Problem to solve –
Please give back the listing below word for word, without the images.

Given data –
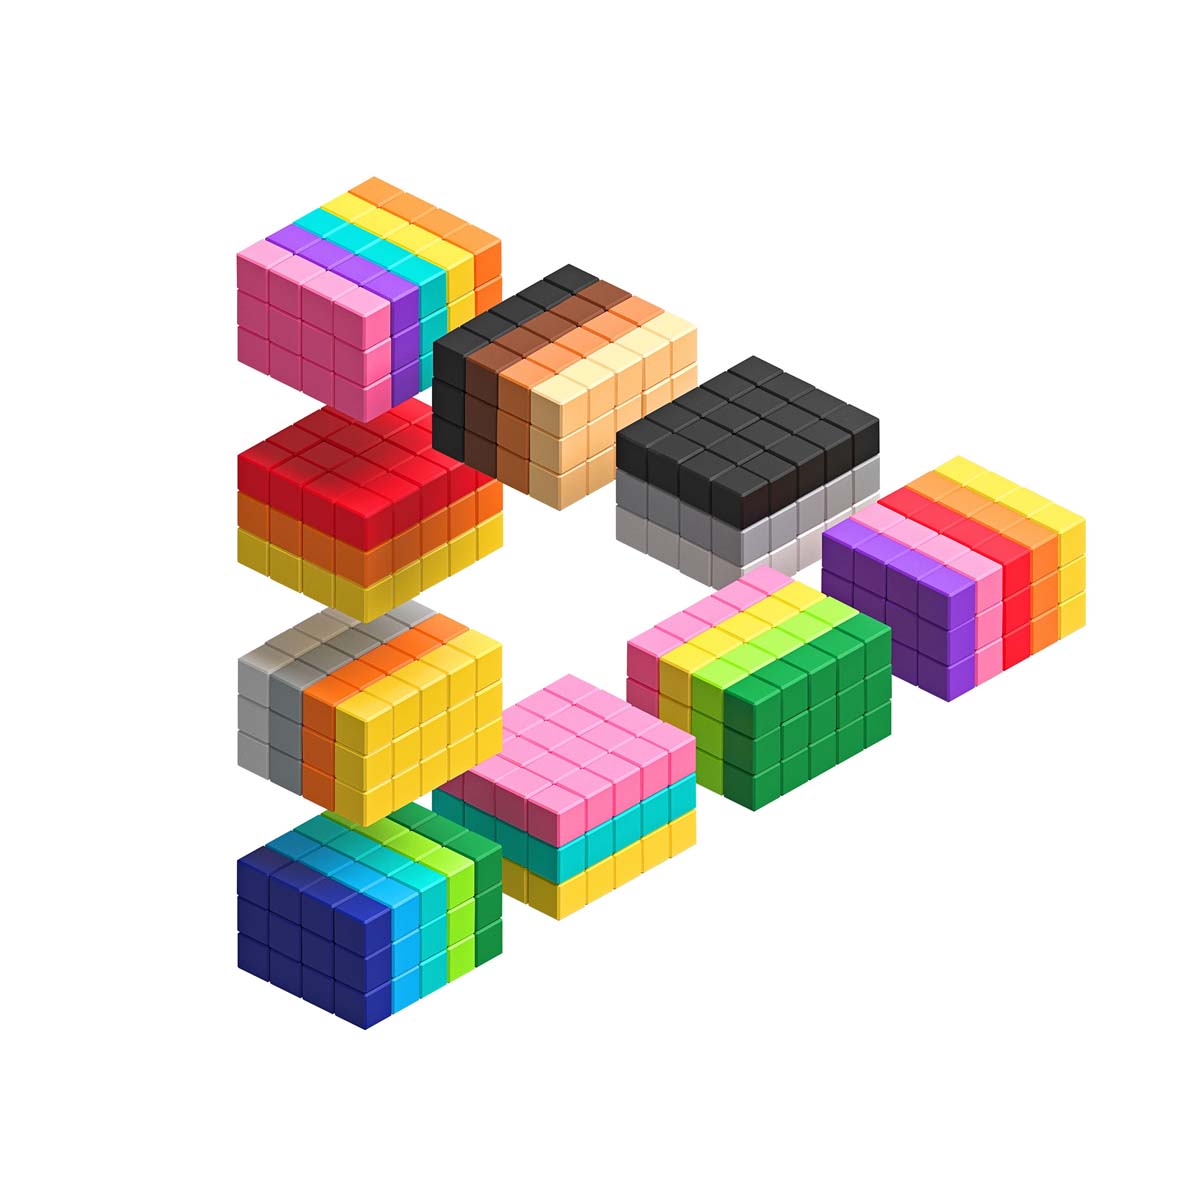 Met de PIXIO Abstract Tropic kun je je creativiteit helemaal kwijt. Met deze magnetische blokken kun je 3D pixel kunstwerken maken. In de set vind je 60 blokken in 5 verschillende, tropische kleuren. In de app word je stap voor stap meegenomen om de mooiste creaties te maken met dit toffe magneetspeelgoed! VanZus.
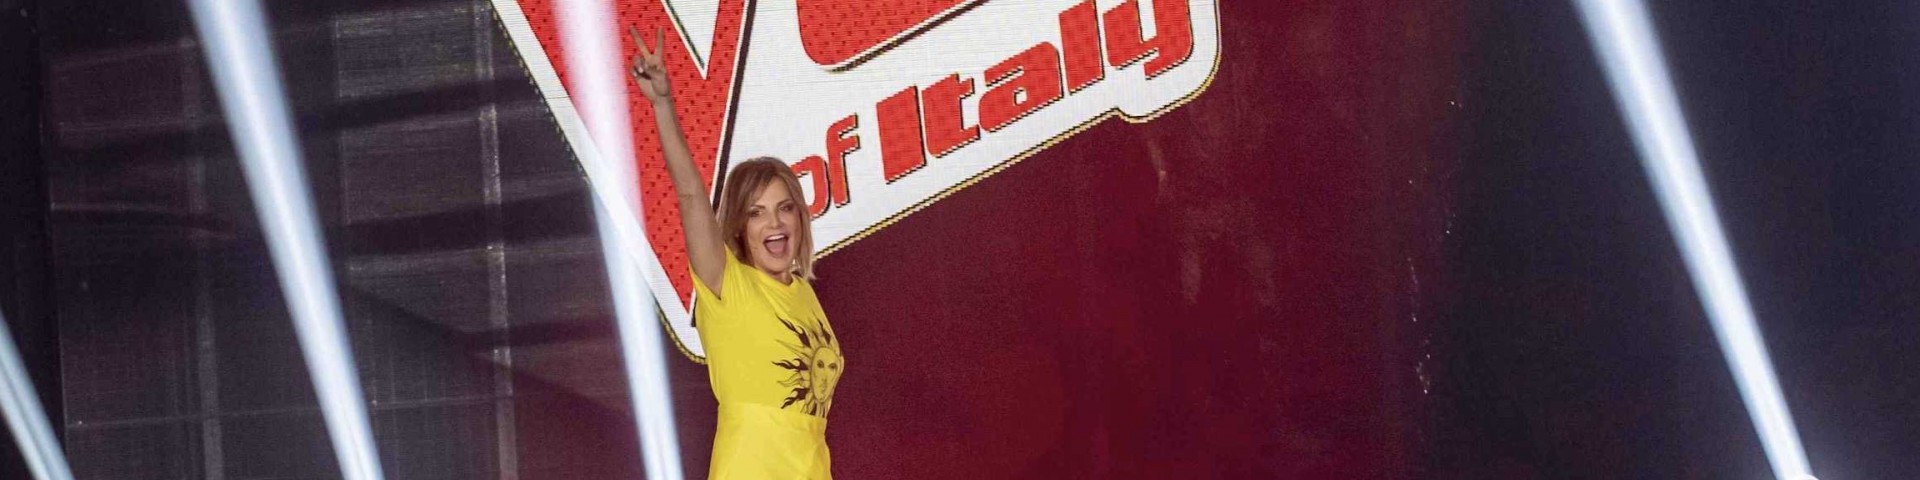 The Voice of Italy 6: leggerezza, divertimento e tanta musica nella prima puntata
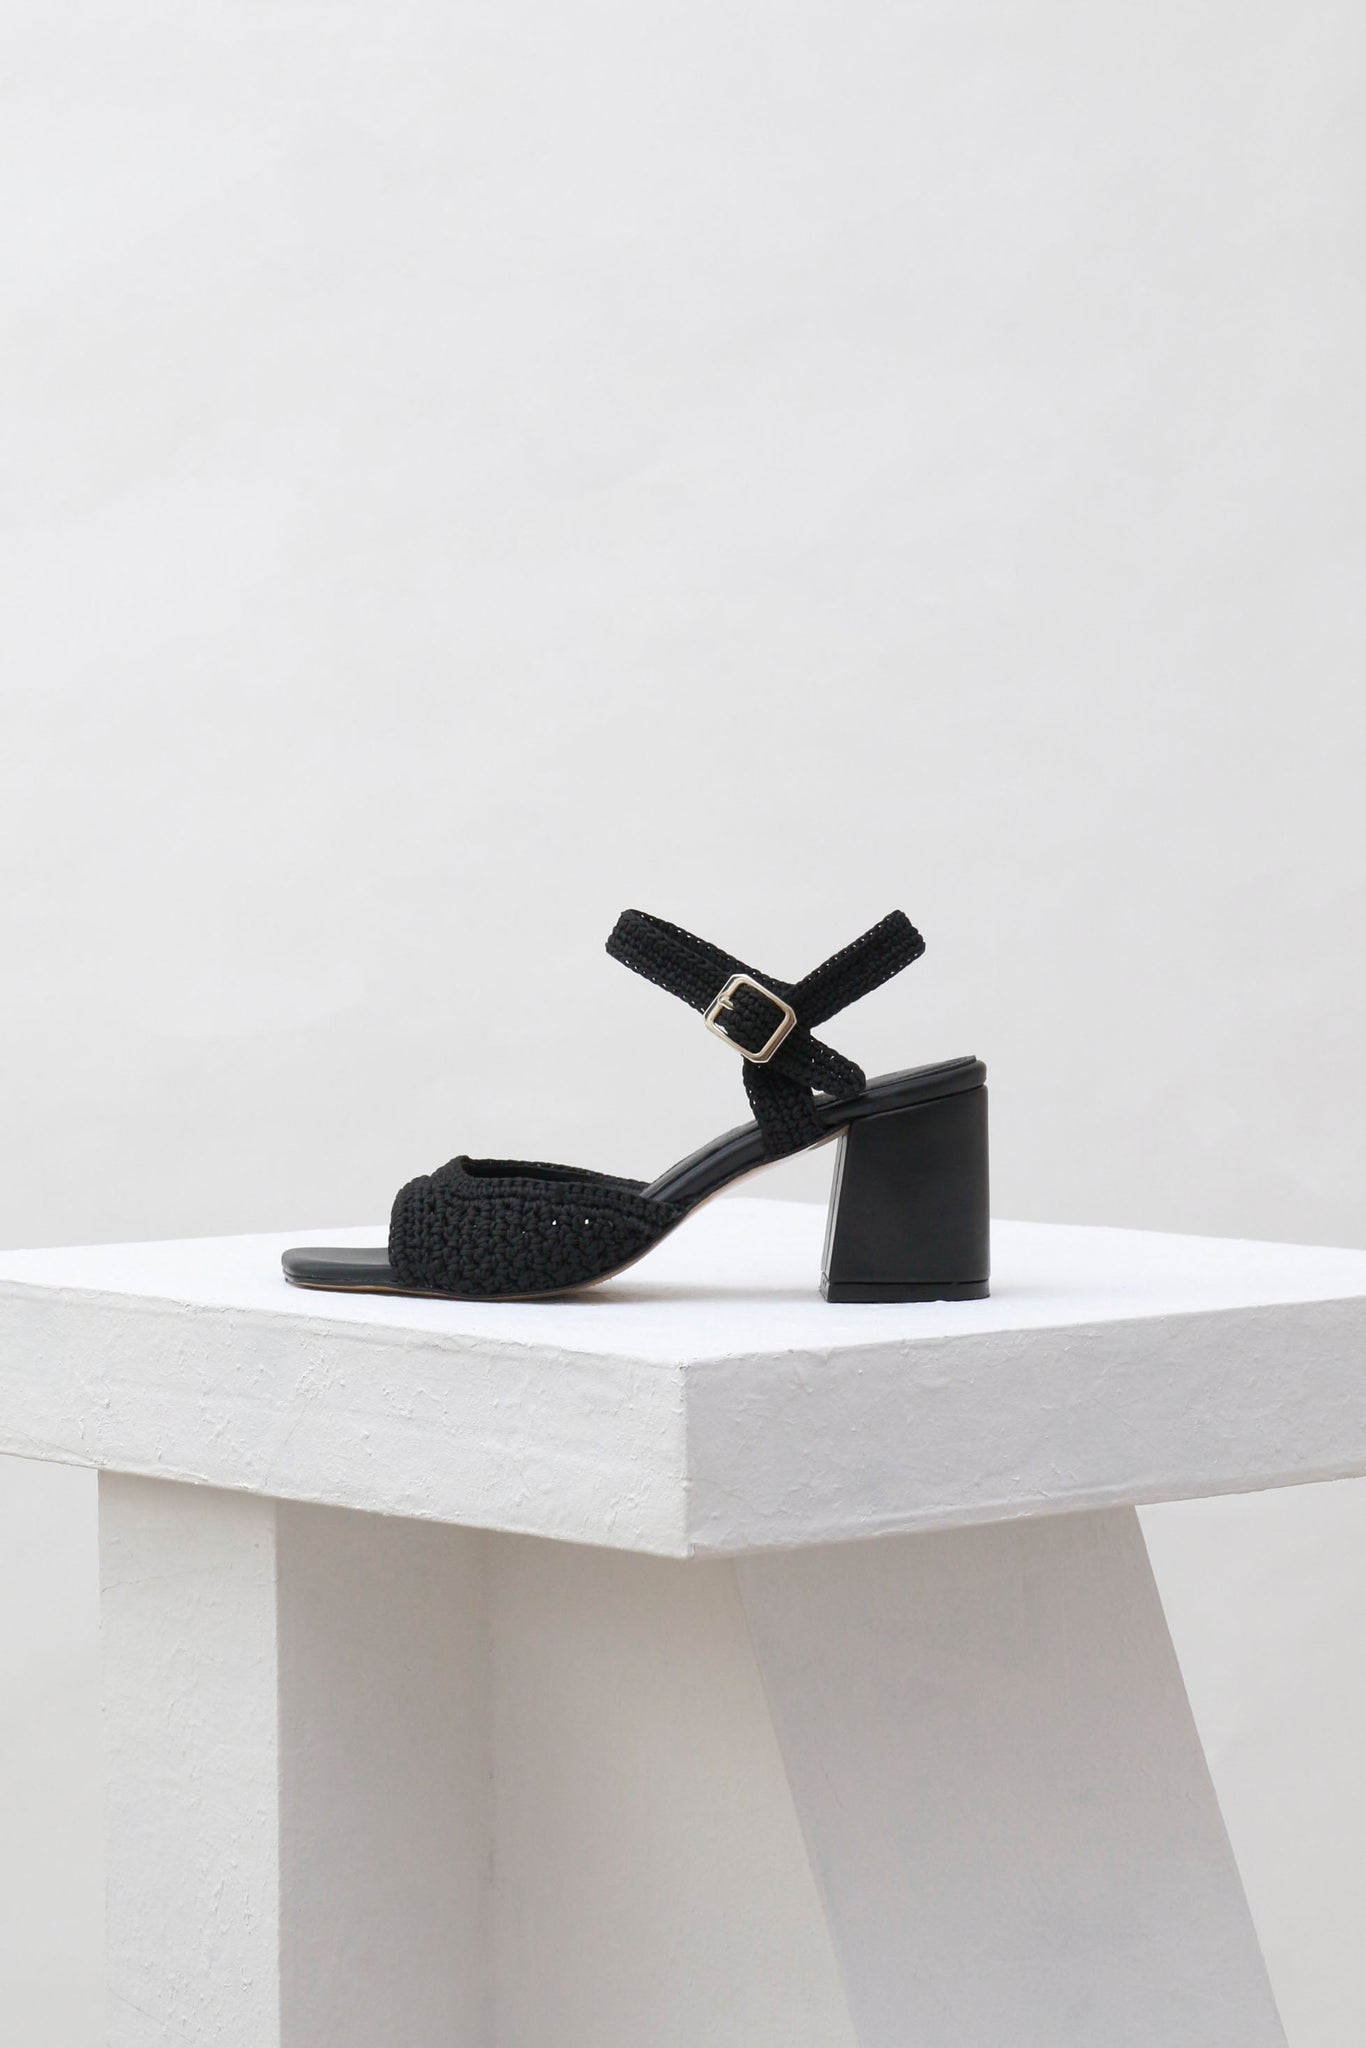 Souliers Martinez Shoes SICILIA - Black Woven Textile Sandals 
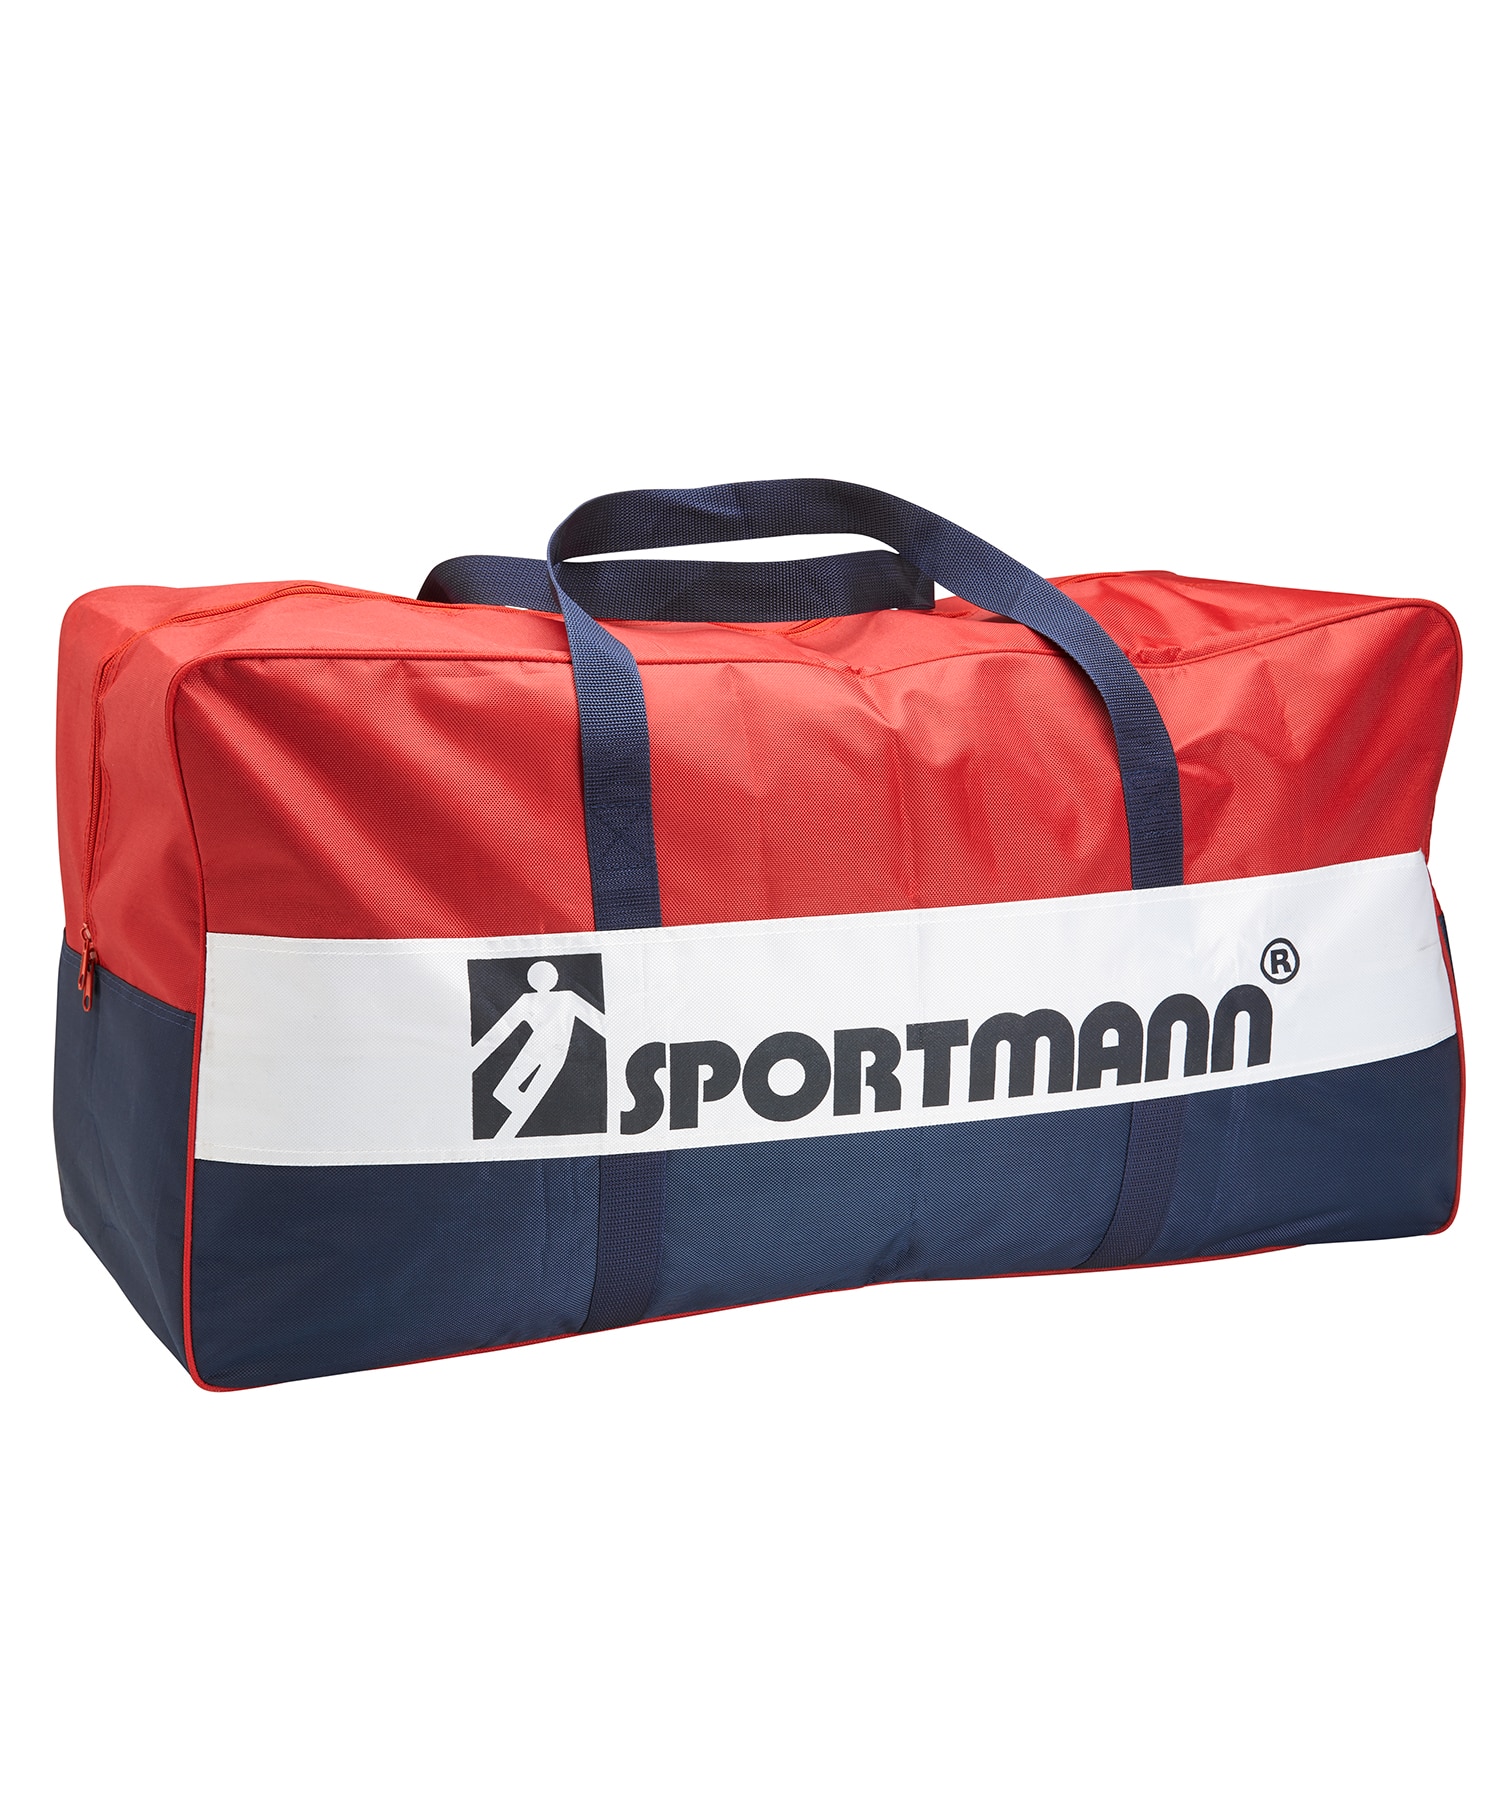 Sportmann bag 90 L

The completed task –
 Met de PIXIO Abstract Tropic kun je je creativiteit helemaal kwijt. Met deze magnetische blokken kun je 3D pixel kunstwerken maken. In de set vind je 60 blokken in 5 verschillende, tropische kleuren. In de app word je stap voor stap meegenomen om de mooiste creaties te maken met dit toffe magneetspeelgoed! VanZus.
 The Voice of Italy 6: leggerezza, divertimento e tanta musica nella prima puntata
 Souliers Martinez Shoes SICILIA - Black Woven Textile Sandals 
 Sportmann bag 90 L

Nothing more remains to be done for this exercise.